Прошло больше недели с тех пор, как мы приехали в эти края в ту дождливую тревожную ночь. Селевых потоков и обвалов больше не было, и мы все это время занимались работами по эвакуации кишлака в долину.
Дожди прекратились. Погода установилась ясная, солнечная, отчего горы как бы отодвинулись дальше, показывая свои белые серебристые шапки, которые в ночное время освещали долину, как гигантские неоновые лампы. На холмах пробивалась первая весенняя зелень. Омытая дождями, она казалась изумрудной. Долина, обласканная теплыми лучами солнца, жила обычными весенними заботами. Гудели трактора, выходили в поле крестьяне.
Лишь наши палатки и цепочки сейсмографов с красными флажками напоминали окружающим о событиях той страшной ночи.
Но стихия была еще не побеждена, она только притаилась на какое-то мгновенье, чтобы снова разразиться громовым обвалом. Сейсмографы показывали, что один из холмов, где-то там в глубине подточенный горными потоками, постепенно сползает в долину по каменистой подушке. Движение холма пока было медленным.
В штабной палатке, куда я однажды зашел, чтобы доложить старшине о смене караула, видимо, уже не в первый раз шел разговор о том, как приостановить движение породы. Среди сидевших за столом я увидел человека в форме генерала. Это был тот самый штатский, которому в первую ночь докладывал старшина. Как я узнал позже — это был министр внутренних дел республики.
— Взорвать и только взорвать, — как видно, продолжал свою мысль сидевший рядом с ним какой-то штатский.
— Нет, — возразил ему генерал, — стирать с лица земли кишлак не стоит, ведь люди жили здесь веками.
— Товарищ генерал, так он уже почти весь эвакуирован в долину, — вставил опять тот человек. — Какая им теперь необходимость в этих мазанках?
Генерал недовольно поморщился, видимо, от того, что собеседник не понимал его мысли.
— А не лучше ли отвести горный поток в другое русло, чтобы он не ускорял движение земли, — уже выходя из палатки услышал я голос генерала.
На другой день, когда наш взвод послали по предгорью на поиски возможного отвода водных потоков, я понял, что идея генерала победила, и кишлак останется на месте. Вернувшись вечером в палатку, я увидел Вадима. Он сидел на корточках в кругу курсантов и что-то, смущаясь, рассказывал им.
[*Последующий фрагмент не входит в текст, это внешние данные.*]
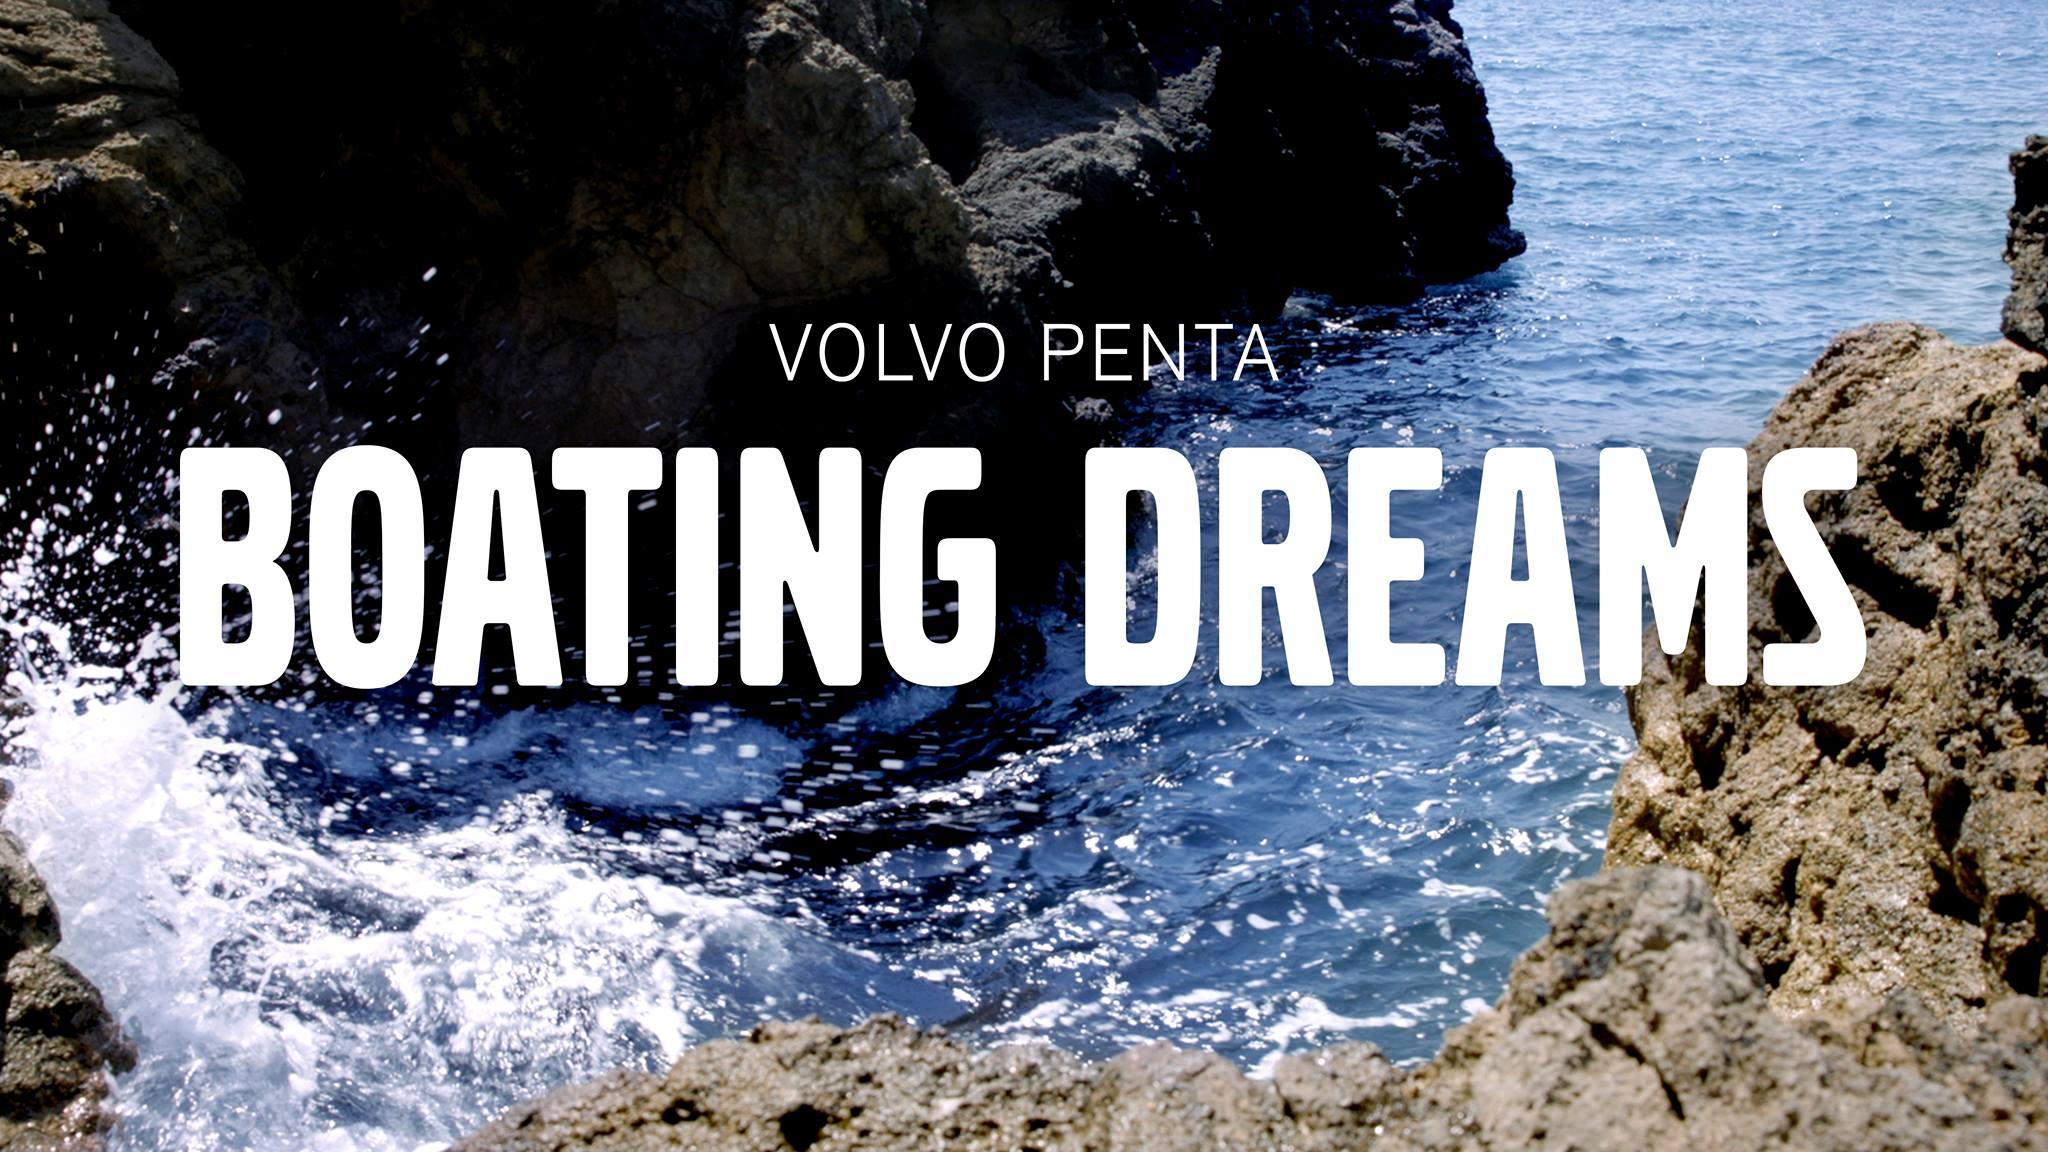 The Boating Dreams serien bliver lanceret online. Foto: Volvo Penta

— Так мы тебе и поверили, — услышал я чей-то, явно подтрунивающий возглас.
В ответ Вадим пробубнил что-то невнятное.
— Сознайся лучше, что влюбился, — опять настаивал тот же голос.
Его дружным хохотом поддержали ребята.
— Да ну вас, — смущаясь, отмахнулся Вадим и, вскочив с места, шмыгнул в палатку.
От ребят я узнал, что Вадим только что рассказывал здесь, как его в знак благодарности навещала в санчасти та самая девушка, которую он спас в ту памятную ночь.
В палатке я, к своему удивлению, увидел Степана. Так значит он приехал тоже.
— Степа! — обрадованно воскликнул я и бросился к нему.
Но Степка был такой же мрачный, каким я его увидел в день отъезда у штабной палатки.
— Не трогай его, — слегка отводя в сторону, шепнул мне Вадим. — Собрание сегодня, понял? Исключать Степана будут, — выдавил он из себя.
— Ну?! — только и вырвалось у меня.
— Да, Алеша. Я это собственными ушами слышал от старшины.
Мы вышли из палатки, чтобы не смущать Степана своим присутствием. Ему было стыдно перед нами.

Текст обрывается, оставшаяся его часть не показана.